### BRIEF
Your copy of the entries must be exact, and it must not include the pictures.

### RECORDS
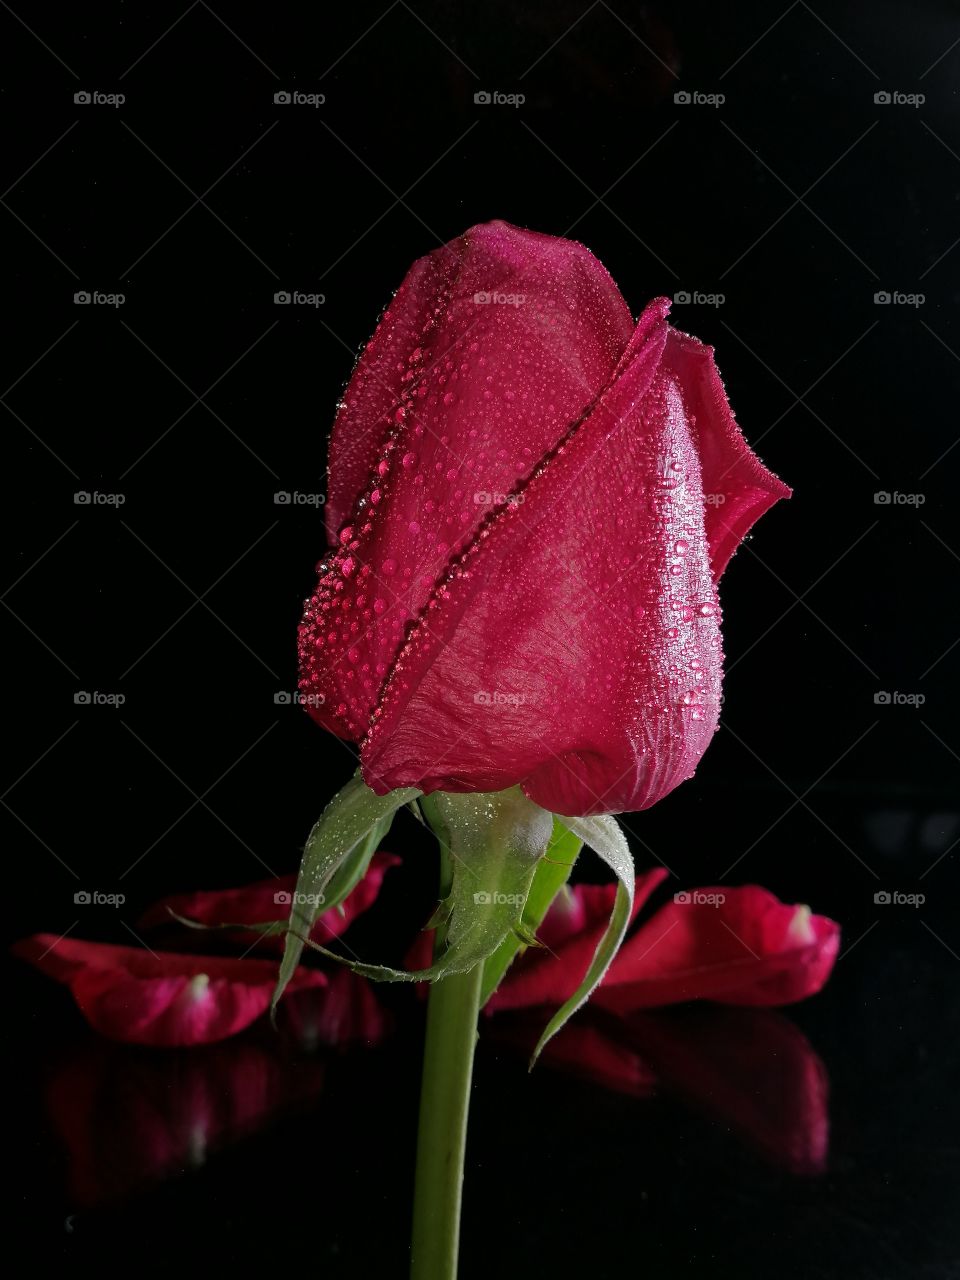 Red​ rose​
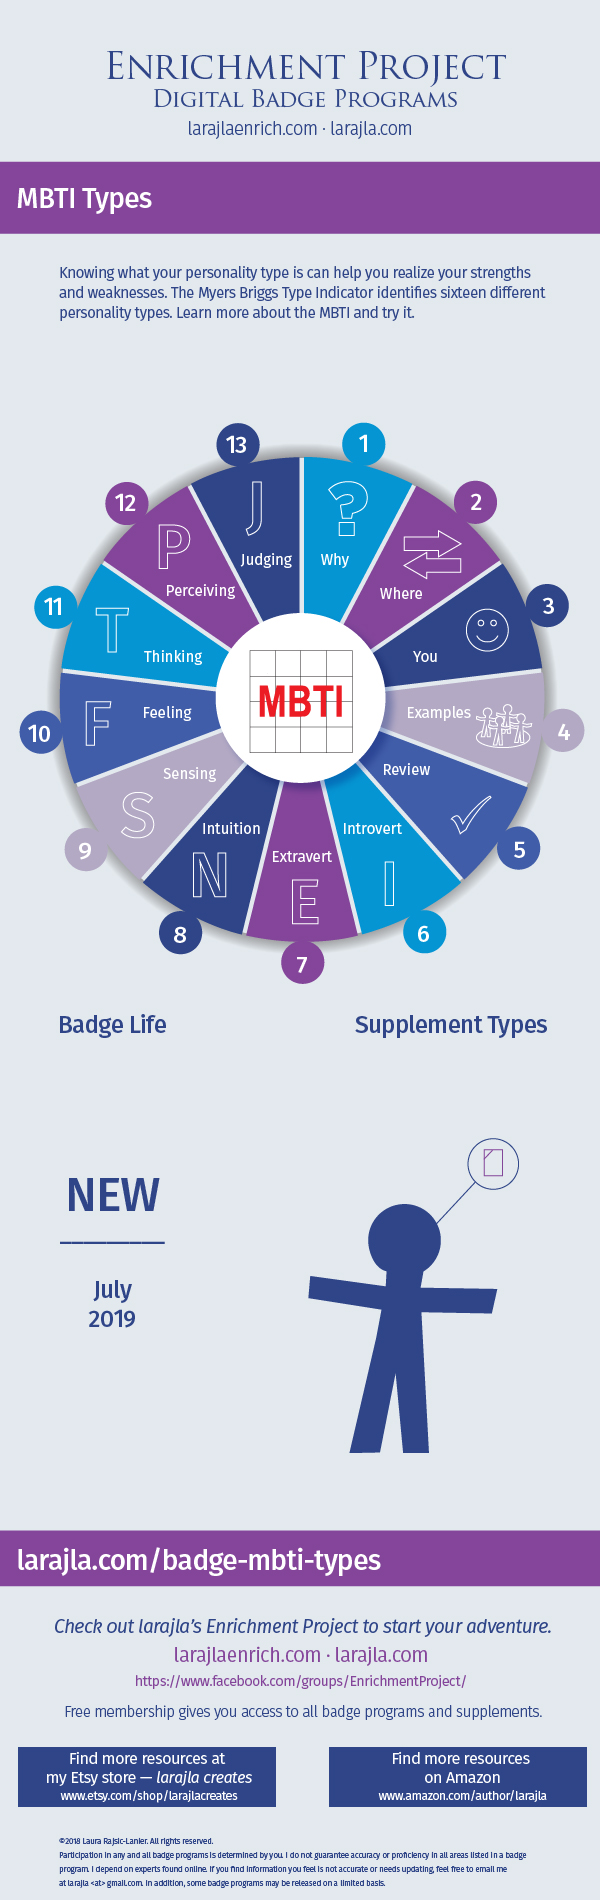 Badge Program: MBTI Types
Enrichment Project
larajla.com
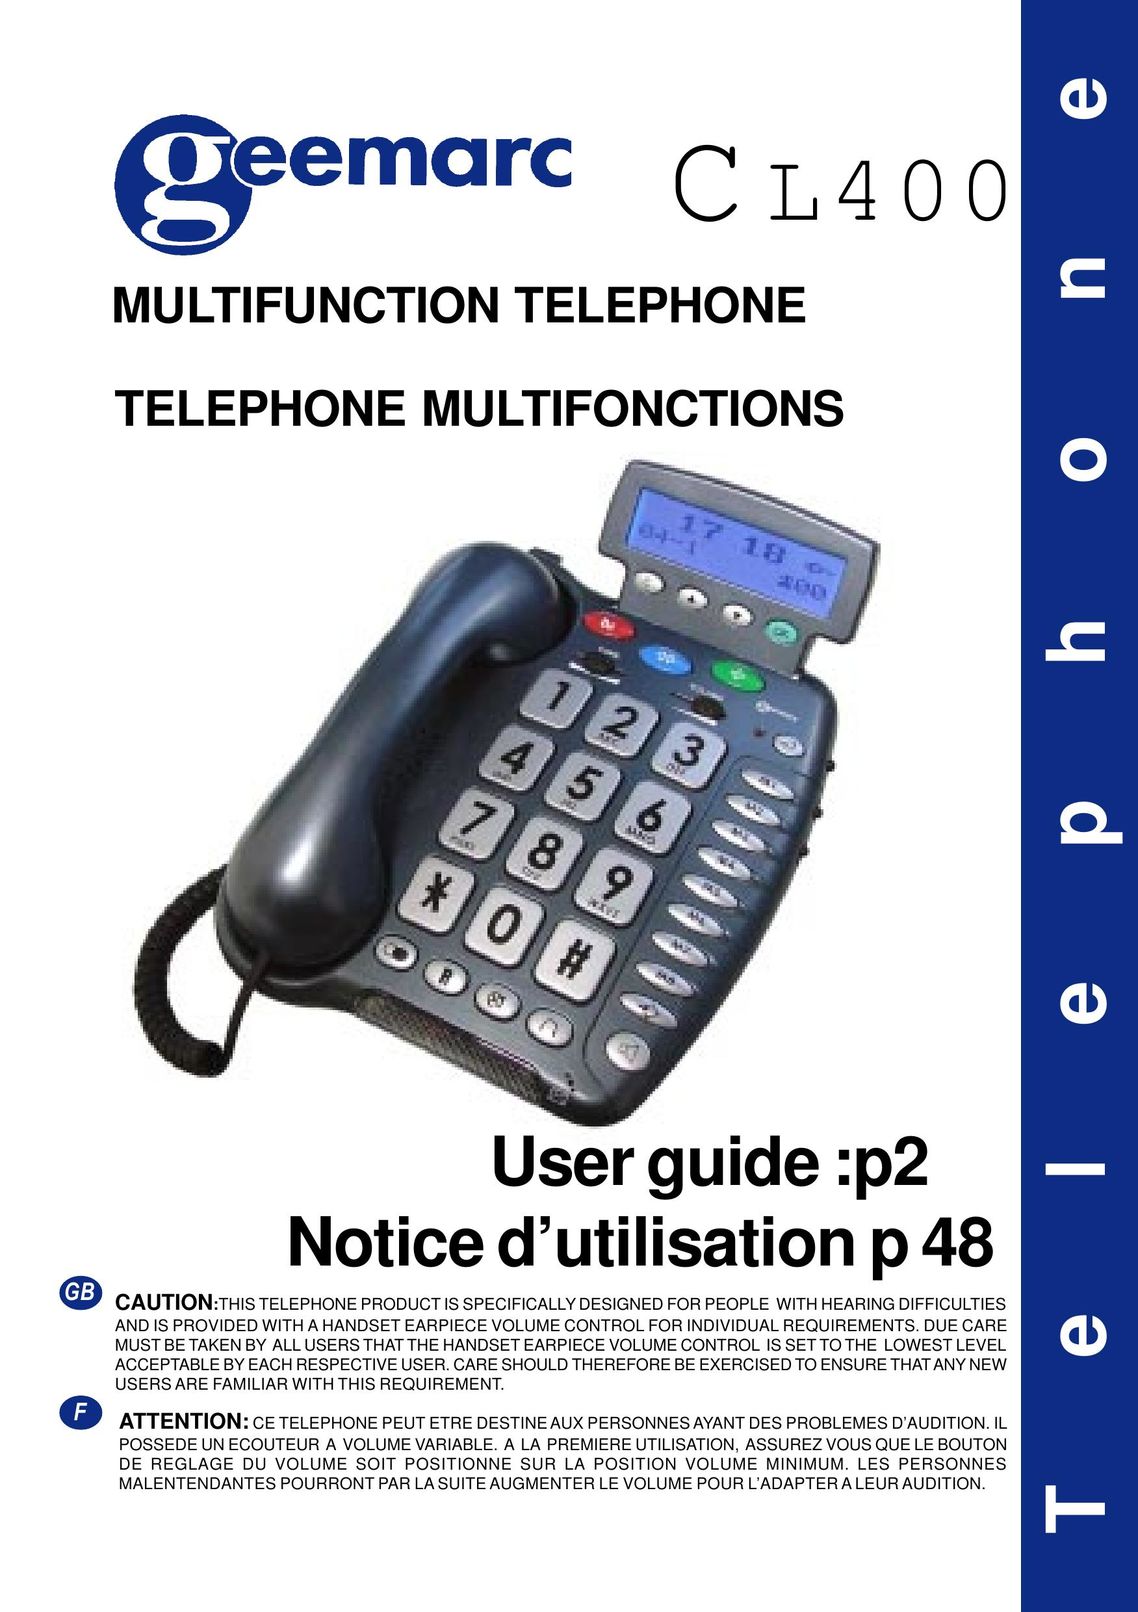 Geemarc CL400 Telephone User Manual
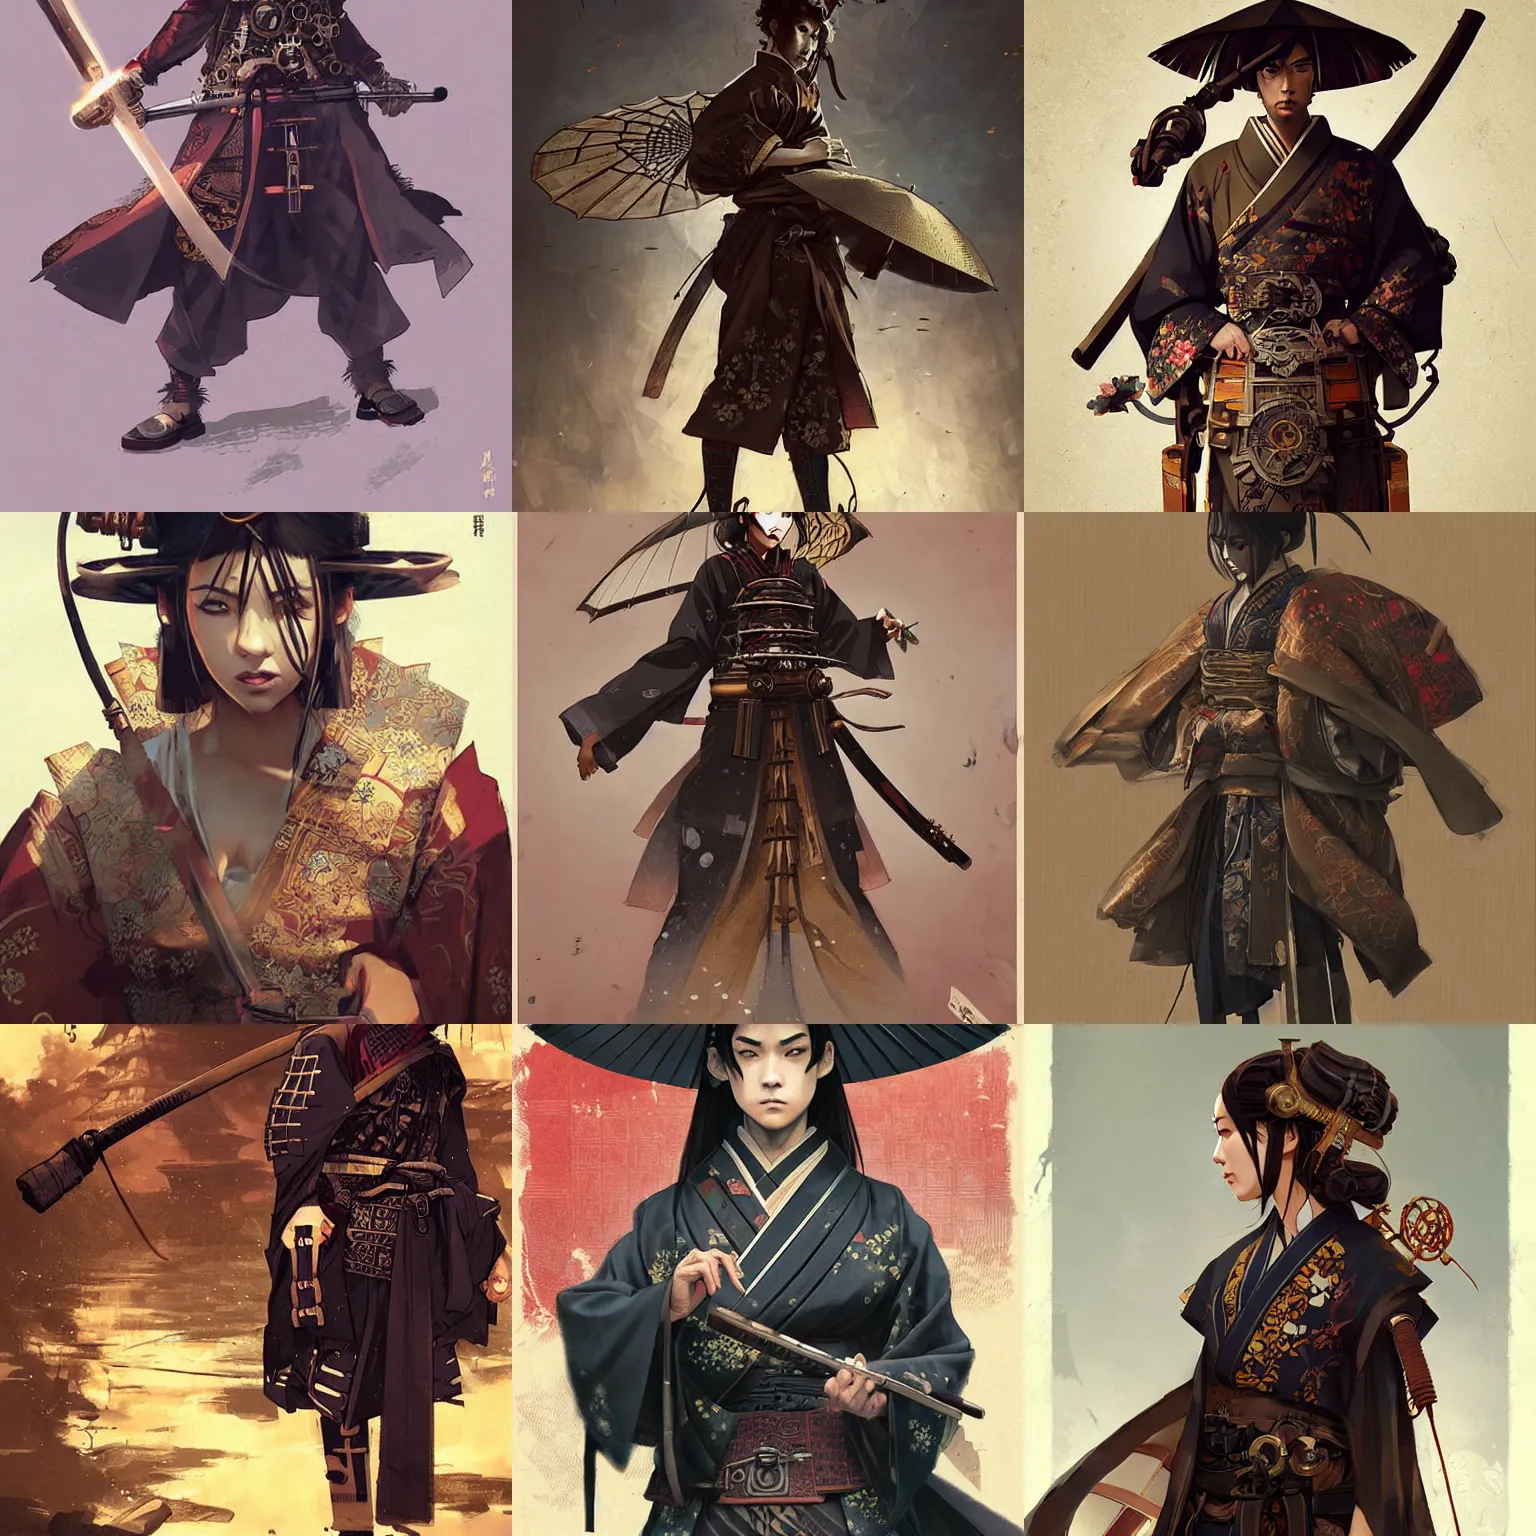 Prompt: steampunk samurai wearing yukata, by greg rutkowski, artgerm, rule of thirds, fierce look, beautiful

### YOUR RESPONSE
 Red​ rose​
 Badge Program: MBTI Types
Enrichment Project
larajla.com
 Geemarc CL400 Telephone User Manual
 Prompt: steampunk samurai wearing yukata, by greg rutkowski, artgerm, rule of thirds, fierce look, beautiful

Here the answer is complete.